PERWUJUDAN KOMITMEN OKI MELALUI KONFLIK ROHINGYA Organisasi internasional berkembang pesat semenjak berakhirnya perang dunia kedua

dan isu yang dibahas juga semakin kompleks. Berbagai jenis organisasi internasional muncul dari yang skala regional, internasional dan ada pula yang berdasarkan identitas tertentu salah satunya adalah Organisasi Konferensi Islam atau yang disingkat OKI. Dari namanya sudah dapat diidentifikasi bahwa anggota dari organisasi ini adalah negara-negara islam dan semenjak berdiri hingga sekarang OKI telah beranggotakan 53 negara islam di seluruh dunia. OKI merupakan organisasi non militer yang sangat ingin untuk membentuk sebuah organisasi dimana negara-negara islam dapat melakukan koordinasi dan kerjasama dalam hal untuk memajukan masyarakat islam diberbagai negara diseluruh dunia.
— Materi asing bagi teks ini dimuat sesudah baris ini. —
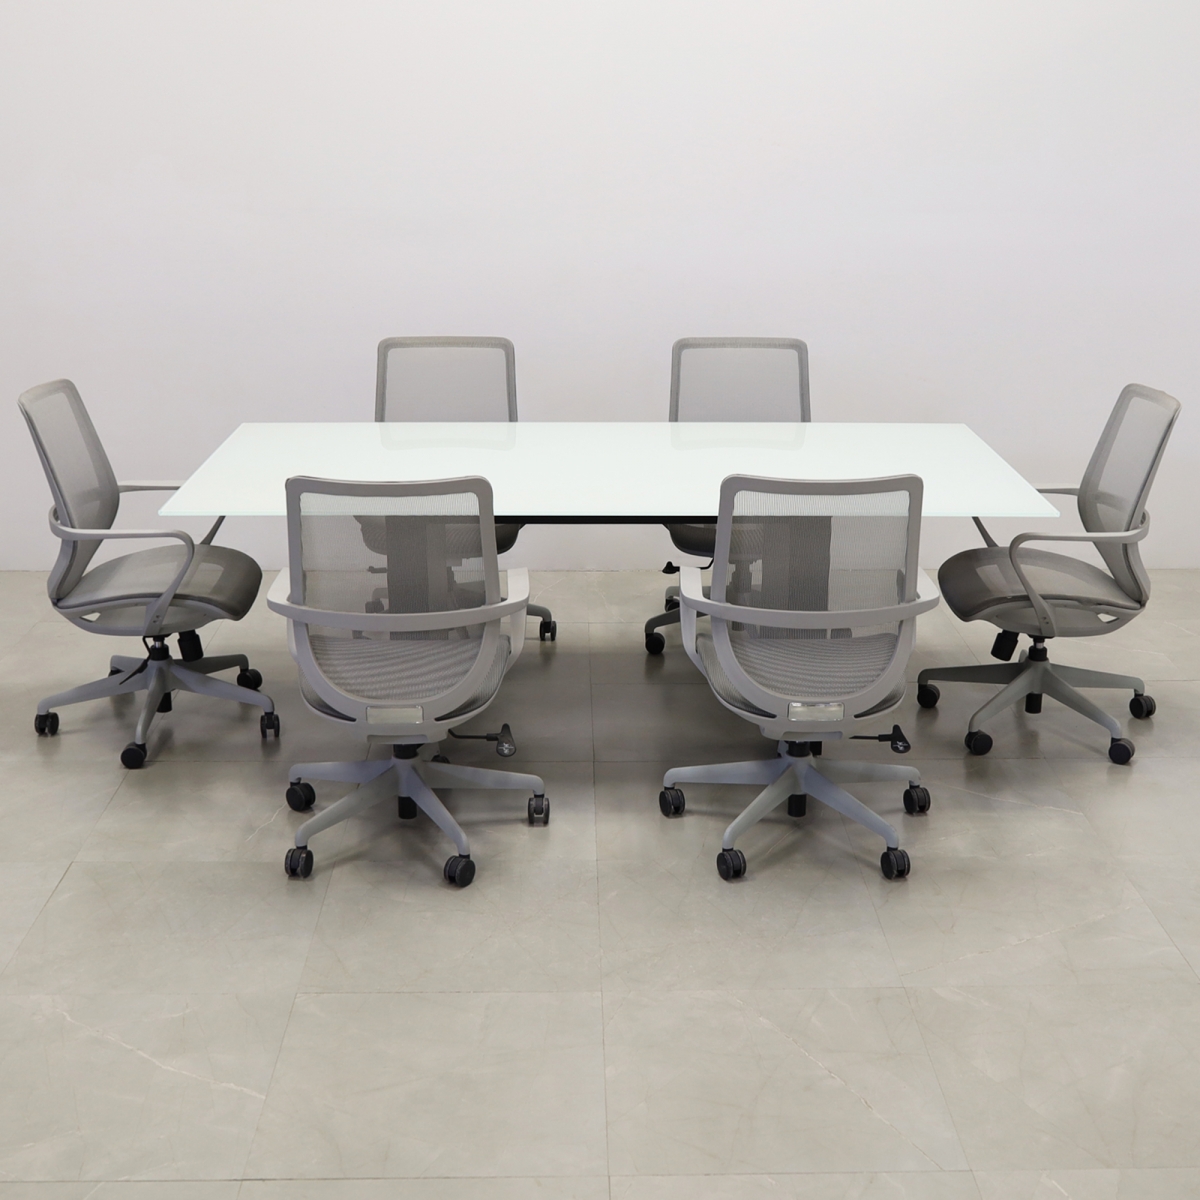 Omaha Rectangular Conference Table in White Tempered Glass Top - 90 In. - Stock #59
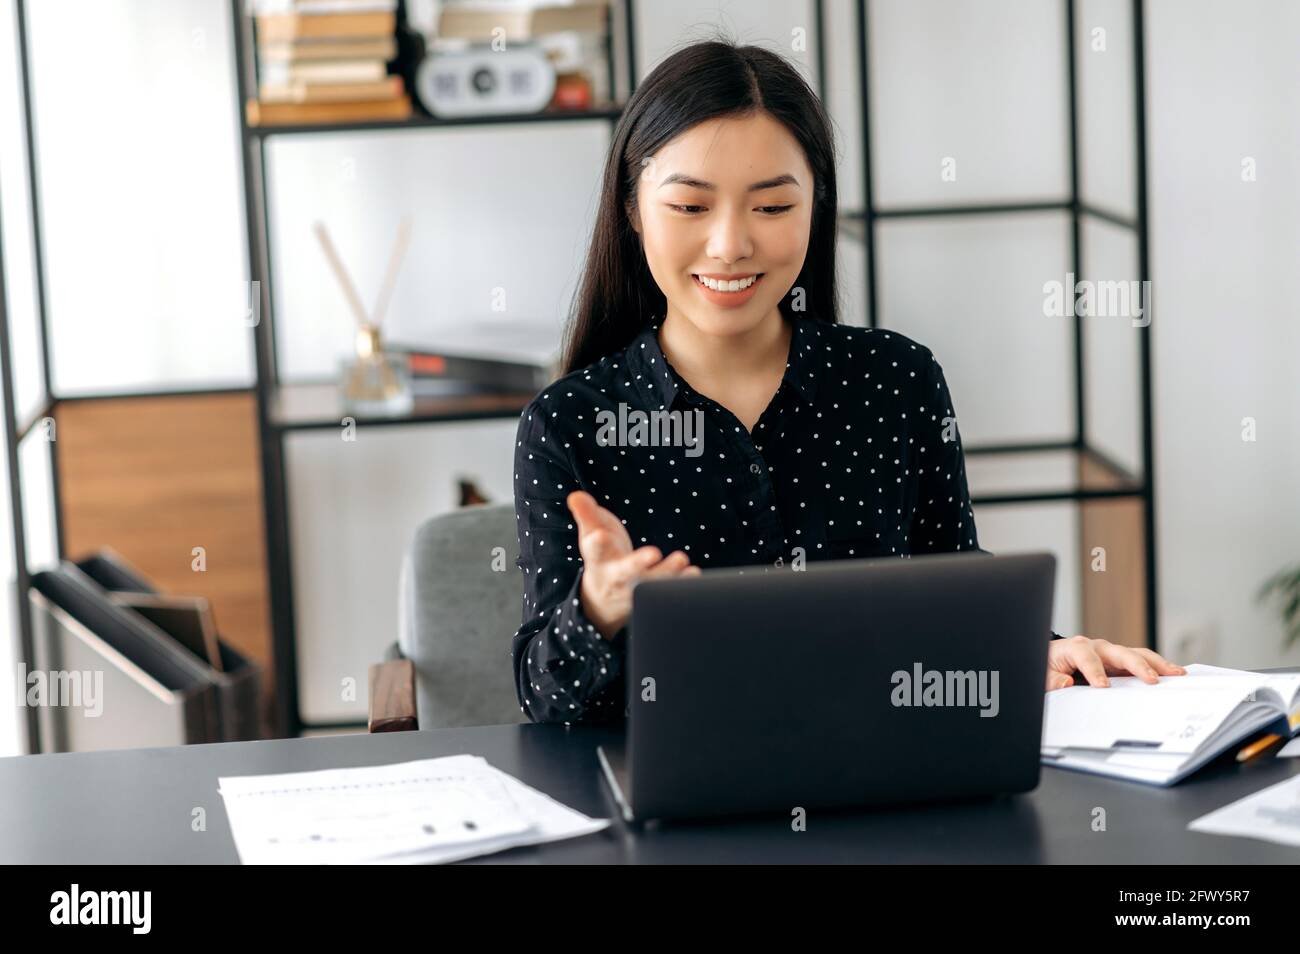 Charismatic successful confident Asian business lady, freelancer, manager, using laptop, talking on video conference with client or colleague, discussing business project, gesturing with hand, smiling Stock Photo

Tidak dipungkiri bahwa islam menjadi isu yang cukup penting didunia internasional terutama karena adanya gerakan teroris yang sering dikaitkan dengan islam radikal. Selain teroris masalah yang krusial juga terjadi pada masyarakat islam yang menjadi minoritas dibeberapa negara meskipun masalah minoritas ini tidak dialami hanya oleh masyarakat islam. Salah satu konflik minoritas islam terjadi di Myanmar yakni etnik rohingya yang sampai sekarang penyelesaiannya belum ditemukan. Dalam esai ini penulis akan memaparkan bagaimana OKI sebagai sebuah organisasi yang menginginkan menciptakan masyarakat islam yang sejahtera harusnya mampu memperlihatkan bahwa keinginan mereka bukan hanya sekedar cita-cita kosong belaka. Melalui konflik rohingya OKI berupaya memperlihatkan bahwa pendapat yang beredar selama ini, dimana OKI hanya fokus dan menjadi semacam alat untuk mencapai kepentingan negara-negara Arab tidaklah benar. Melalui rohingya OKI berupaya memperlihatkan bahwa cita-cita untuk memperjuangkan masyarakat islam bukanlah omong kosong namun benar-benar dilaksanakan. LIBERAL INSTITUTIONALISM SEBAGAI CIKAL LAHIRNYA ORGANISASI

INTERNASIONAL Sebelum membahas OKI lebih dalam penting rasanya untuk kita lebih terdahulu mengetahui bangaimana perkembangan organisasi internasional hingga berkembang pesat sampai sekarang. Selain itu untuk menganalisa bagaimana OKI sebagai organisasi internasional penulis akan menggunakan kerangka berfikir dari teori neoliberalisme institusional dari Robert Keohane.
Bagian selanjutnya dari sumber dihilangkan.